Another downside is that they only offer three coins: Bitcoin, Ethereum and USDC. Note that’s USDC rather than Tether or USDT. It’s essentially the representative coin for fiat currency, rather than USDT which inflates its market cap every other day to make itself more attractive to newbie investors who don’t know any better. It’s a fairly standard practices for exchanges to take your USD and convert it one-to-one with USDC so that shouldn’t come as much of a surprise to seasoned crypto-enthusiasts, but folks new to the class may take note.
Still, if you’re looking to trade in more coins, you’re shit outta luck and there’s zero indication that they’re going to diversify in the future. Although, if they’re smart they will.

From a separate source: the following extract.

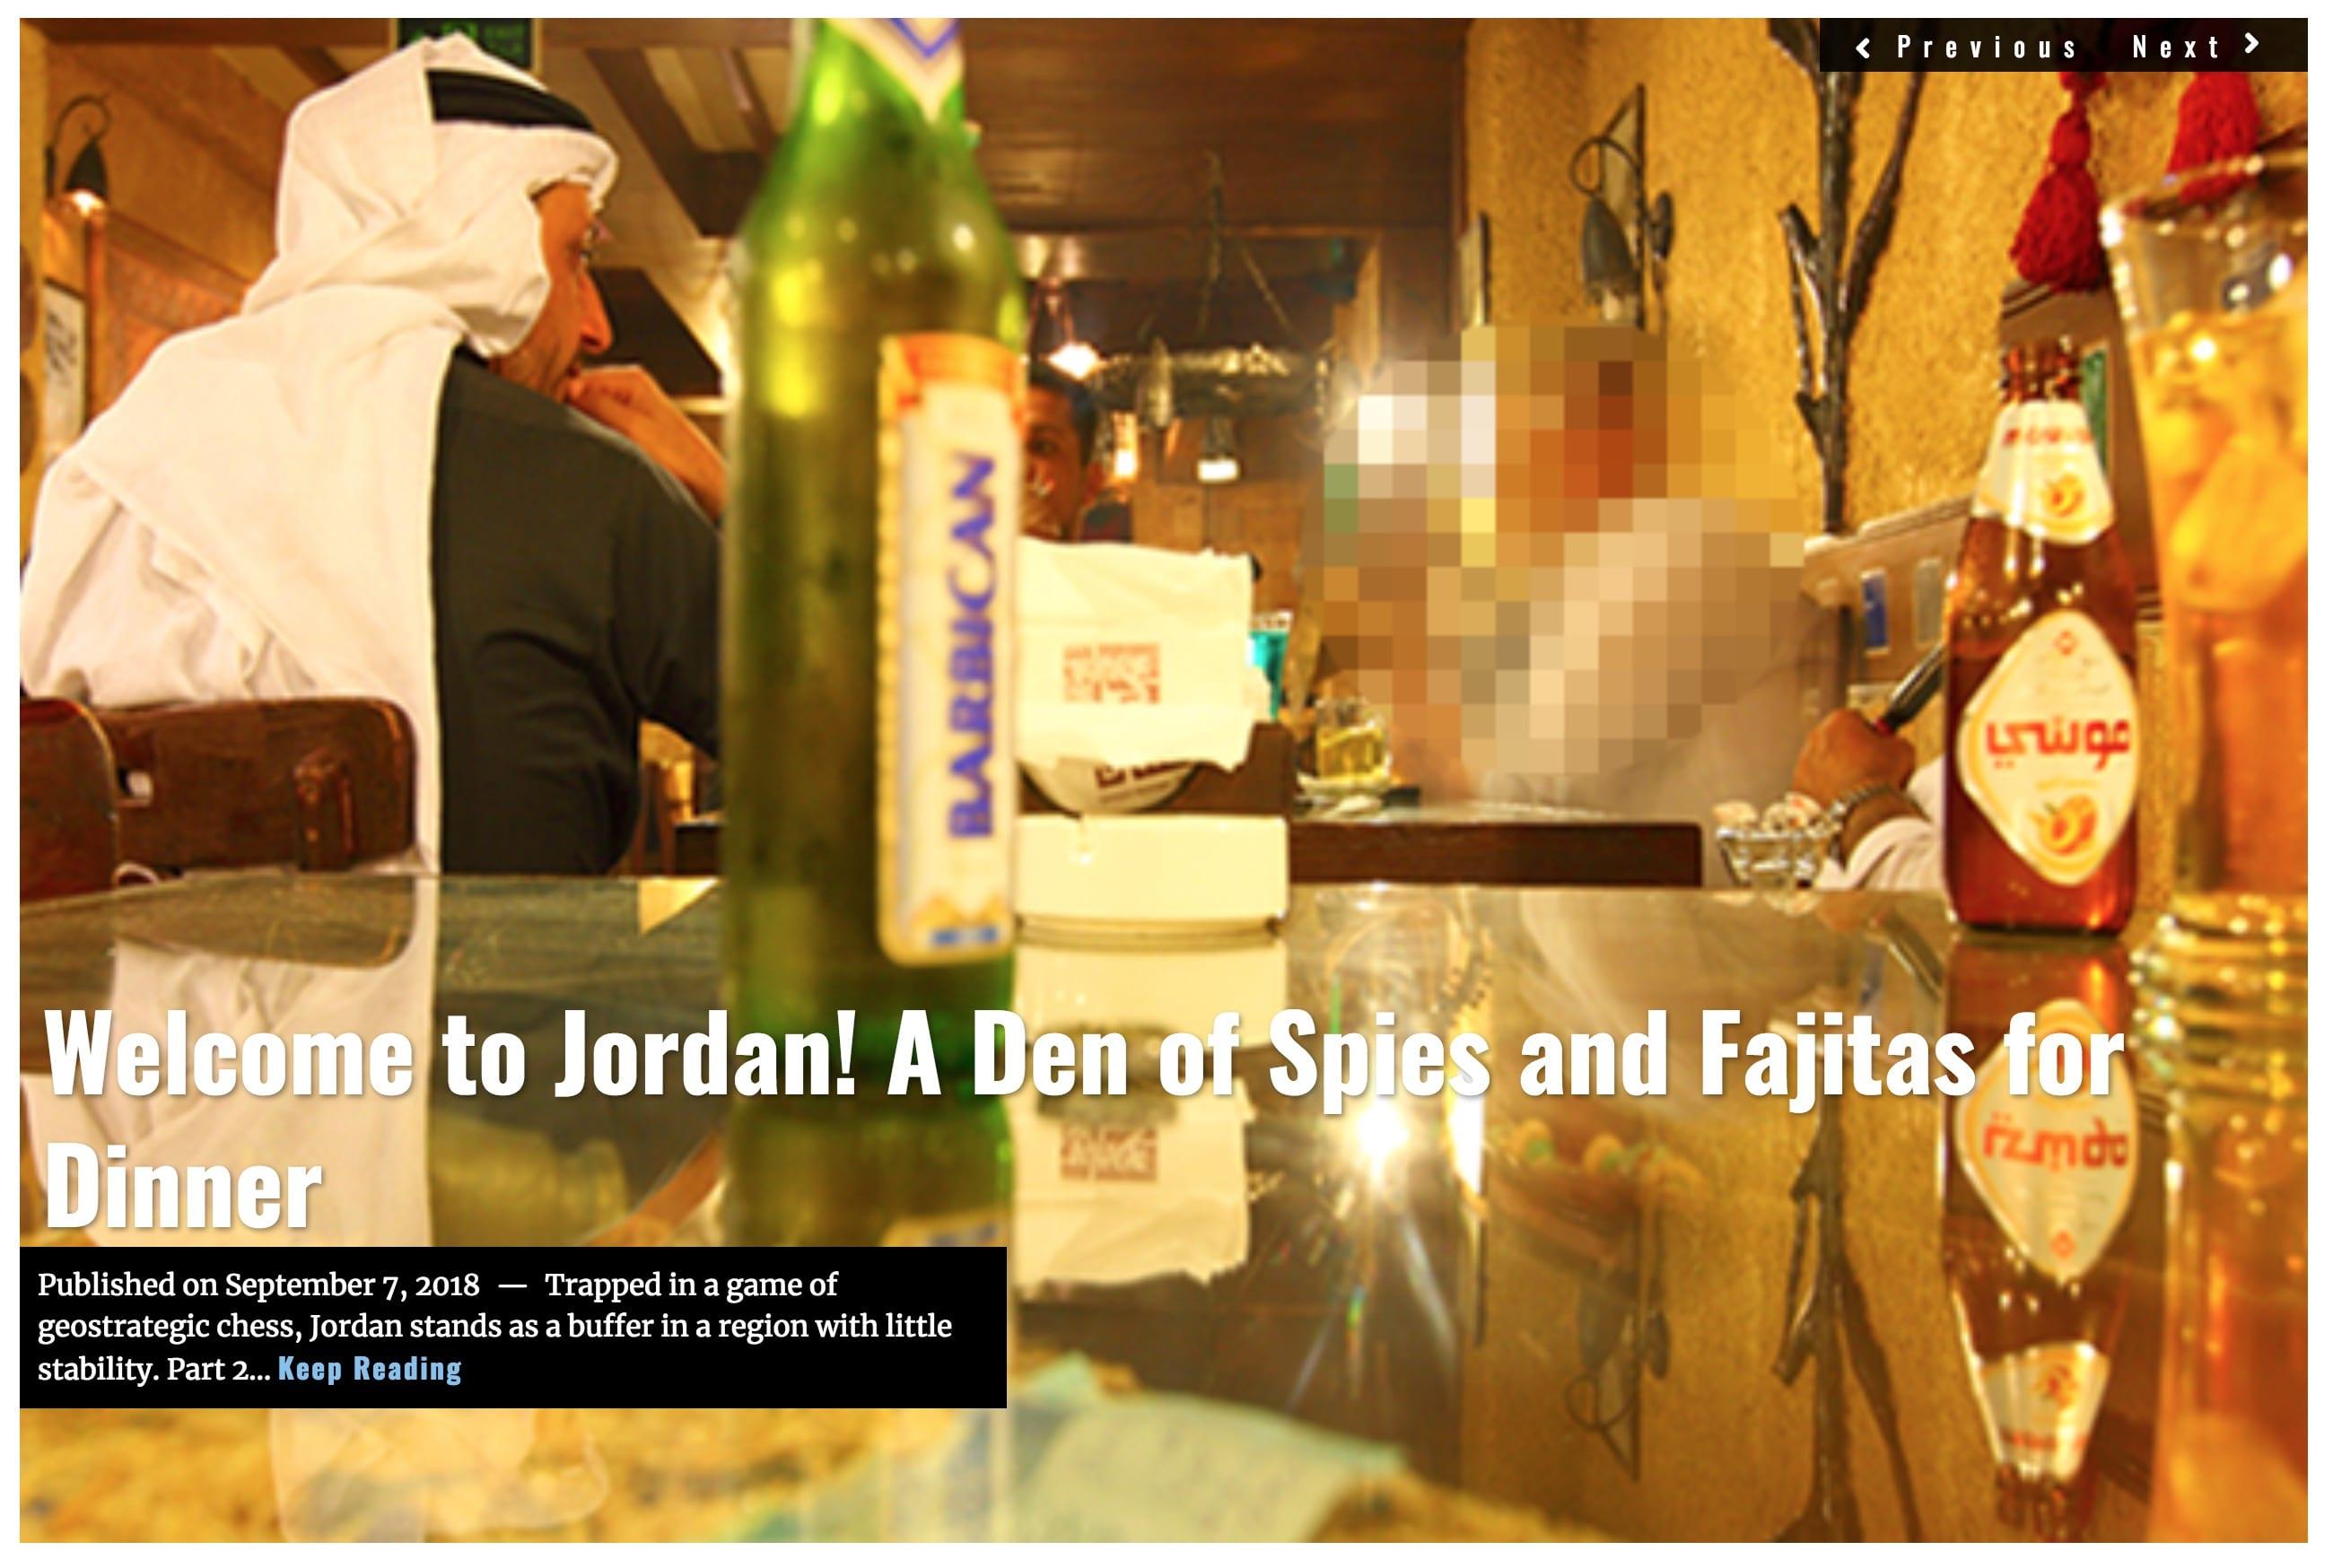 Image Lima Charlie News Headline Welcome to Jordan SEPT 7 2018

What I would have preferred to see when visiting their site was something indicating that they had found a way to secure their holdings. I’m not talking about a mix of hot and cold wallets, (although having a few lines about their division there wouldn’t hurt either) but whether or not they’ve chatted with the FDIC about garnering some variety of limited protection from hacking, robbery and loss—like KuCoin, who will be able to write off a certain amount of the money lost in their hack. Or maybe made some deals with insurance companies to put some small scale liability on their holdings like the Gemini Trust company did earlier this year. It would definitely work as a huge step towards legitimacy for an exchange would be gathering insurance, protection and a safety net to fall into for when (not if) they’re hacked.
Still, getting the first exchange on the NASDAQ can’t be discounted.